The company also expanded internationally with the NXQT Port acquisition in Australia and added 9 new marine vessels, taking its fleet to 127. Sustainability initiatives included top 5 percent global APSEZ ESG ranking, 10 ports certified Zero Waste to Landfill, and Fitch and S&P rating upgrades following a buyback of US$ 368.03 million.

Strategic Highlights

Key expansions included multi-modal logistics developments across Kochi, Virochanagar, Kishangarh, and Malur, and the launch of double-stack container movement between ICD Tumb and ICD Patli. The firm handled 3.46 lakh TEUs, showing strong YoY growth. Capacity expansion continued with two new berths at Dhamra Port and draft enhancement at Karakal Port to 14.5 meters. A major MoU with Bharat Petroleum aims to launch India’s first LNG bunkering operation at Vizhinjam Port. Marine fleet strength increased with 4 PSVs and 1 workboat, expanding operations to West Africa, while Ocean Sparkle advanced digital integration with the SeaFlux platform.

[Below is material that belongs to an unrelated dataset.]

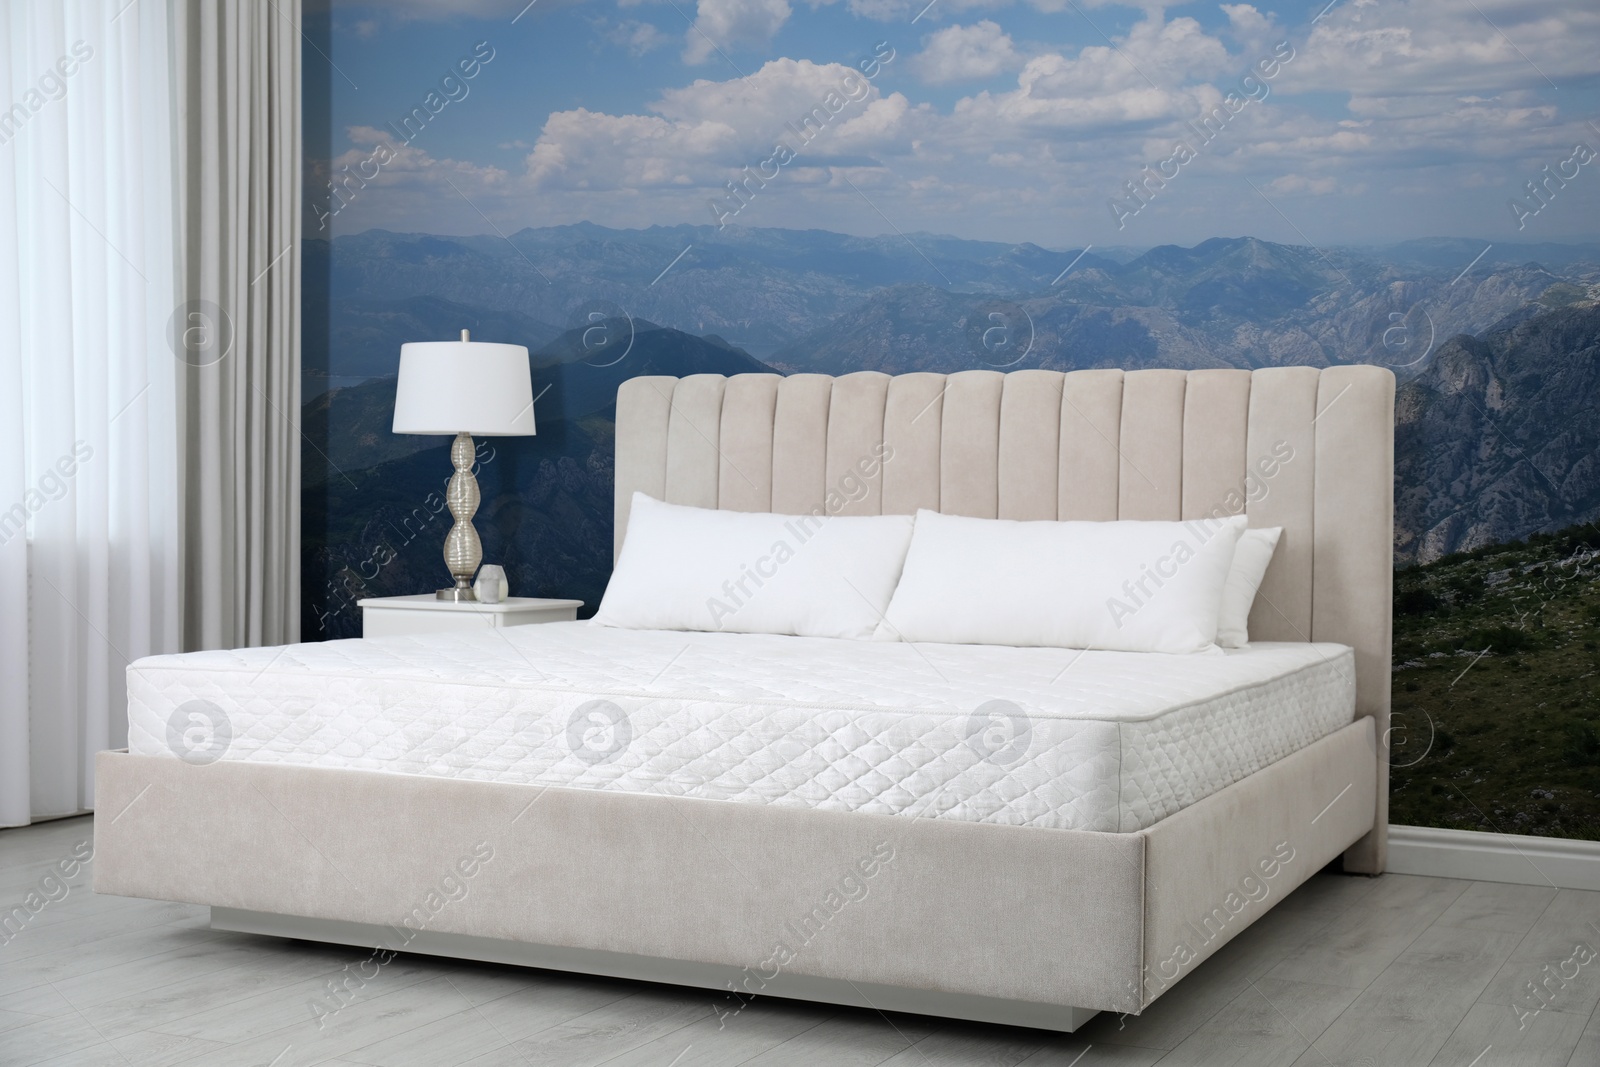 Image of Stylish interior with large bed and mountain landscape wallpapers

H1 FY26 saw a robust operating cash flow of Rs. 9,503 crore, representing 86 percent of EBITDA, with capex at Rs. 6,462 crore. Net debt/EBITDA improved to 1.8x, and the cash balance stood at Rs. 13,067 crore. Credit agencies like Fitch, S&P, Moody’s, and ICRA had upgraded or affirmed stable ratings, highlighting financial resilience. The company has increased average debt maturity to 5.2 years, signaling efficient capital management.

Mundra Port achieved record performance, handling 46,000 TEUs in July and setting a new benchmark by loading 5,612 cars in under 40 hours. Hazira Port handled 0.51 MMT liquid volume, and Gangavaram Port recorded the highest coal despatch for the month. The AI-powered Strategic Command Center for marine operations became fully functional, while new skill-building centers at Mundra and Krishnapatnam were launched to align workforce development with APSEZ’s operational goals.

About the company

Adani Ports and Special Economic Zone (APSEZ), part of the Adani Group, is India’s leading integrated transport and logistics utility offering end-to-end “shore-to-door” services across ports, rail, road, and warehousing. Operating 15 ports and terminals, 12 logistics parks, 3.1 million sq. ft. of warehouses, and a fleet of 127 vessels with 25,000+ trucks, APSEZ handles 633 million tonnes annually, accounting for about 28 percent of India’s port volumes, and targets 1 billion tonnes by 2030. Recognized among the top 5 percent globally in S&P Global’s 2025 sustainability assessment, with five ports ranked in the World Bank’s 2024 Port Performance Index, APSEZ stands out for its operational excellence, scale, and digital infrastructure–driven logistics ecosystem.

A return on equity (ROE) of about 18.8 percent, a return on capital employed (ROCE) of about 13.8 percent and debt to equity ratio at 0.85 demonstrate the company’s financial position. At the moment, the company’s P/E ratio is 27.3x which is higher as compared to its industry P/E 27x.  

As of September 2025, the company’s shareholding pattern shows that promoters hold 65.89 percent of the total equity, indicating strong promoter ownership. Foreign Institutional Investors (FIIs) hold 13.61 percent, while Domestic Institutional Investors (DIIs) own 15.03 percent. The public shareholding stands at 5.48 percent, reflecting a healthy level of institutional participation in the company.